An ICBM launch anywhere in Eurasia would be immediately detected by Defense Support Program (DSP) Satellite Early Warning System (SEWS), and would be detected coming over the Arctic Cap by the Ballistic Missile Early Warning System (BMEWS) that are essentially dedicated to this function. A sea- or terrain-skimming low observable cruise missile might be able to penetrate American airspace without detection, but the range for that is going to be limited to about 2000 nmi at best. The rationale you state from the film makes no sense, but then, very little that comes out of Hollywood really does.

Stranger

I realize that you are referring to ICSM and tactical missiles but what is the feasibility of a cruise missile making it through? The maximum range for a subsonic cruise missile capable of carrying a nuclear warhead is about 600 miles. Since they have terrain mapping capabilities that enable them to fly nape of the earth flight plans, isn’t it theoretically possible for one to get through?

In short, no. The US (and Canada – NORAD is a joint operation) have an extremely tight air defense. We routinely busted drug runners coming in flying NOE (nap of the earth) in small little Cessnas.

Theoretically, yes. The human error factor will always allow this, however unlikely with all the eyes on various radar screens in the Mountain.

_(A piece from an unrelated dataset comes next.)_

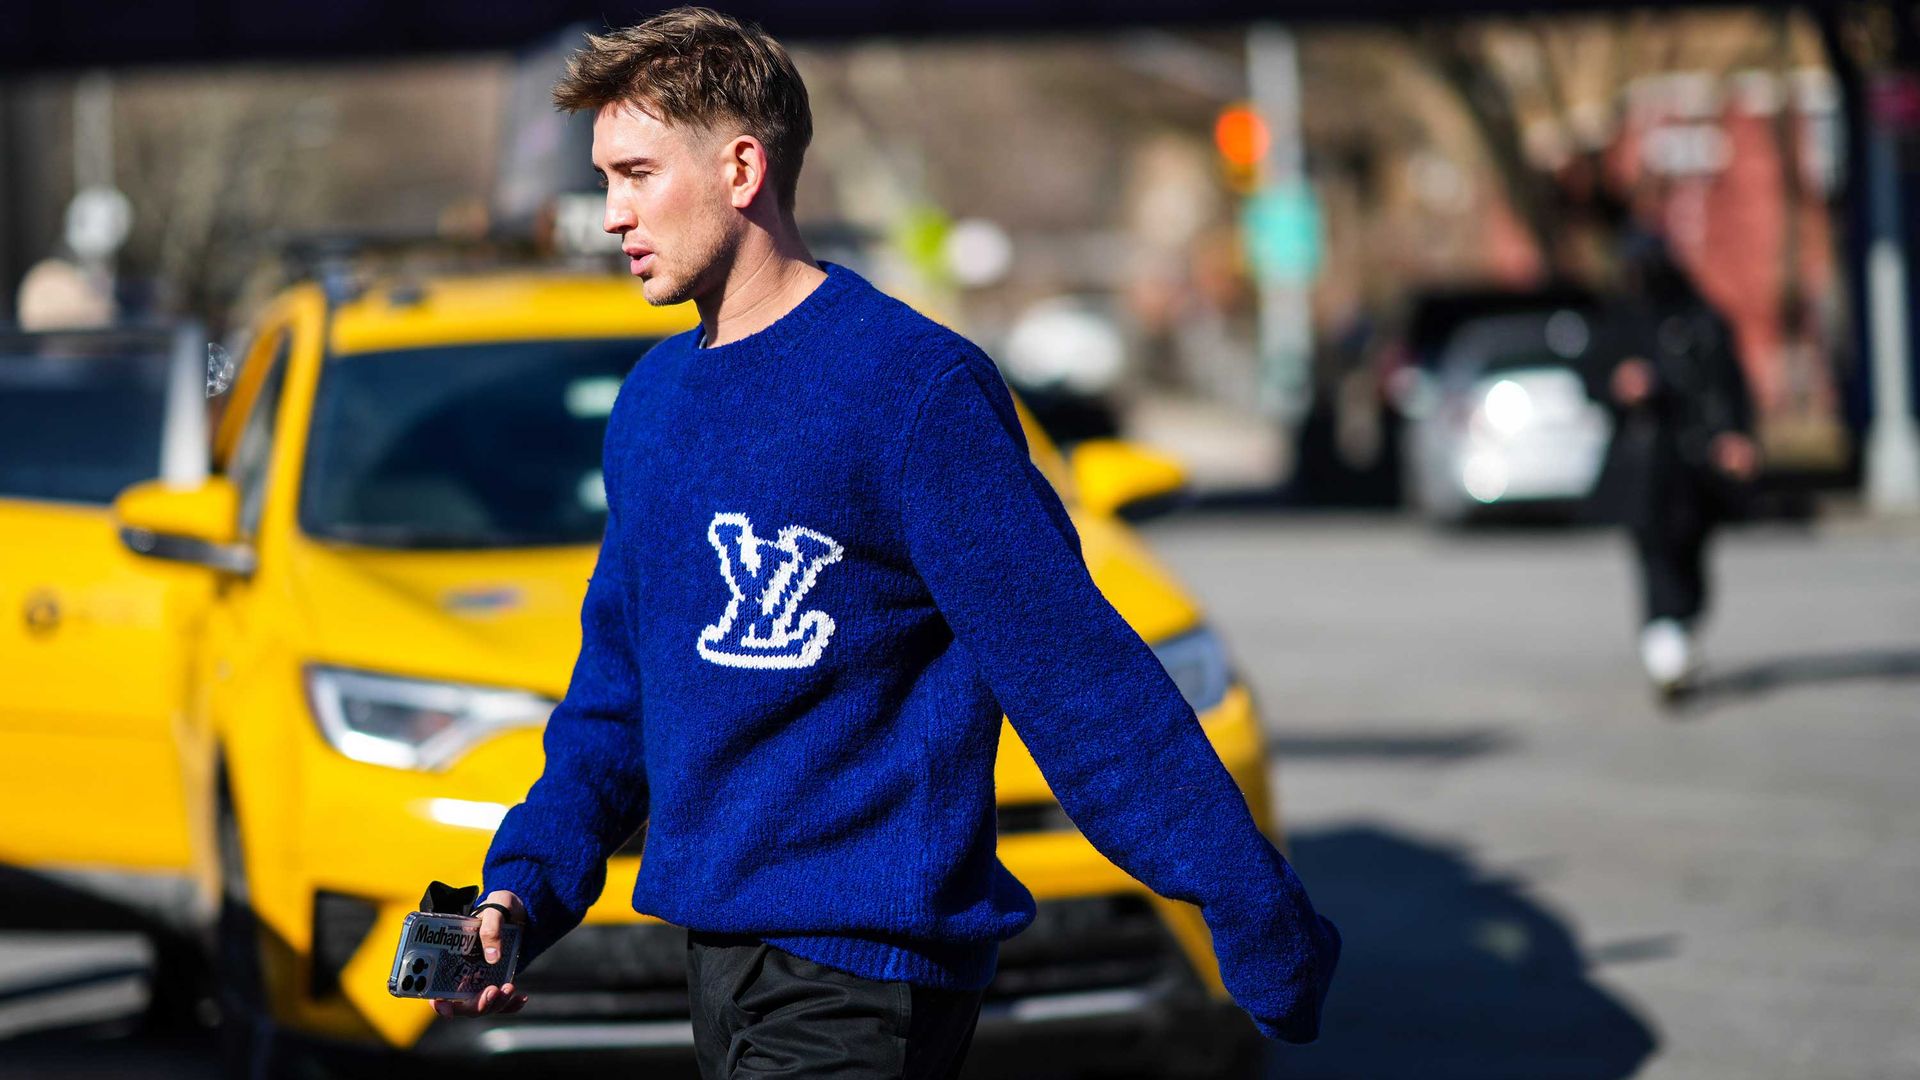 Fashion week goer wearing statement blue jumper in front of NY cab

Actually, that’s almost exactly like the movie. The Superbowl is in Baltimore, but it’s still an Israeli bomb lost during the Yom Kippur War, IIRC. And I do remember the nuclear team saying it was an American made bomb/made from uranium or plutonium processed in an American facility.

Savannah River, to be exact.

A single engine Cessna has a comparatively huge radar cross section (RCS) signature, though. A composite-body low observable subsonic cruise missile, on the other hand, has the RCS signature of a large bird. A cruise missile like the AGM-129 or the Russian Kh-55 Granat (NATO: AS-15 ‘Kent’) is designed to and could likely penetrate modern air defenses in less guarded areas. The problem is getting these weapons in range; the above-mentioned missiles are air-launch, though the Kh-55 also reputed has a submarine launched variant (similar to the sub-launched version of the BGM-109 Tomahawk, but longer range). Clearly it would take a well-equipped military to launch a strategic attack on the US with cruise missiles, but for regional conflicts they are an ideal way to get around early detection and anti-ballistic missile defense systems.

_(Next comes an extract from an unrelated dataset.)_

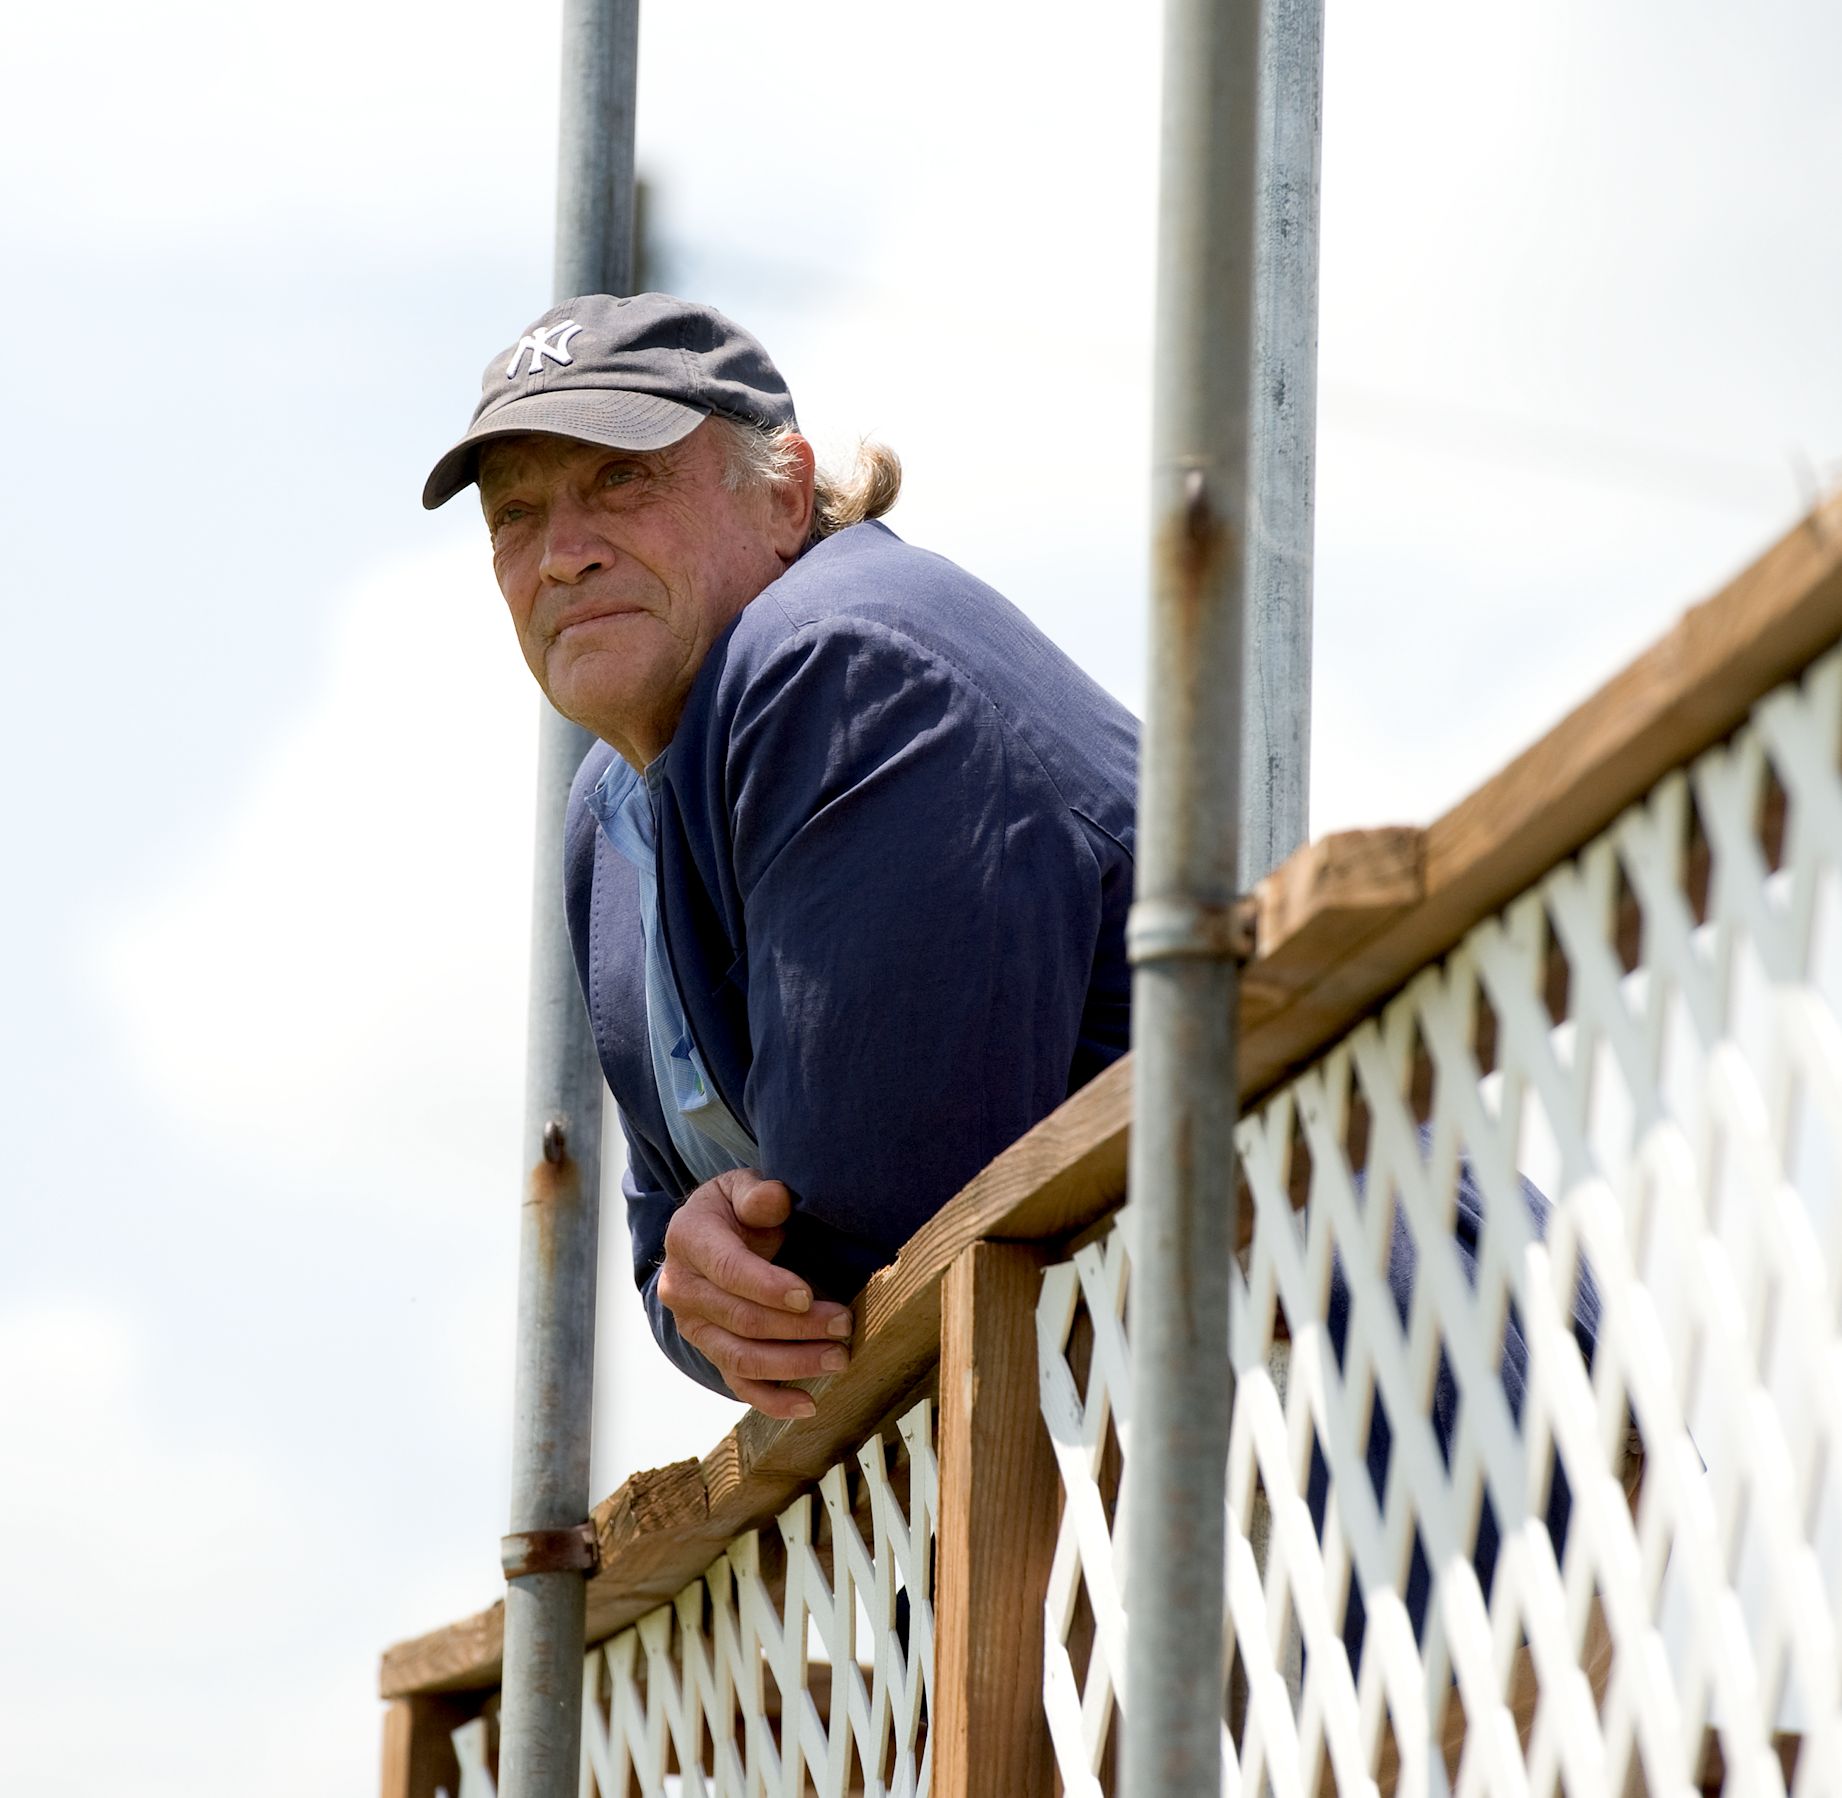 Tom Voss watches Sharp Island win from the infield stand (Tod Marks)

Or you can build this thing: SLAM:*Apart from the thermonuclear warheads, SLAM itself was also a very formidable weapon. The sonic boom of a 25+ m long vehicle flying at Mach 3+ at 300 m altitude would cause severe destruction in non-hardened structures on the ground. Additionally, the nuclear ramjet continuously left a trail of highly radioactive dust, which would seriously contaminate the area below the missile. Finally, when the SLAM eventually crashed itself at the end of the mission, it would leave a wreckage of a very hot and radioactive (“dirty”) nuclear reactor.*Not low-observable, of course, but it would be a hideously destructive threat nonetheless.

Stranger

Yeah, the big difference is that the bad guys went from being Islamic extremists in the book, to the much more plausible Austrian neo-Nazis in the movie.

A weird thing in the Clancy-verse is that nobody ever talks about the Denver bombing. When characters are outraged about terrorism they talk about 9/11. You’d think somebody would say, “Yeah, that was bad, but not as bad as that time they nuked Denver.”

Even stranger, since 9/11 would have been the second (and possibly less destructive) suicide airliner attack on America in the Clancyverse. The first the time being when that Japanese airline pilot flew his 747 right into the Capitol Building, killing the President, at least half the Congress, and probably several thousand staffers and visitors.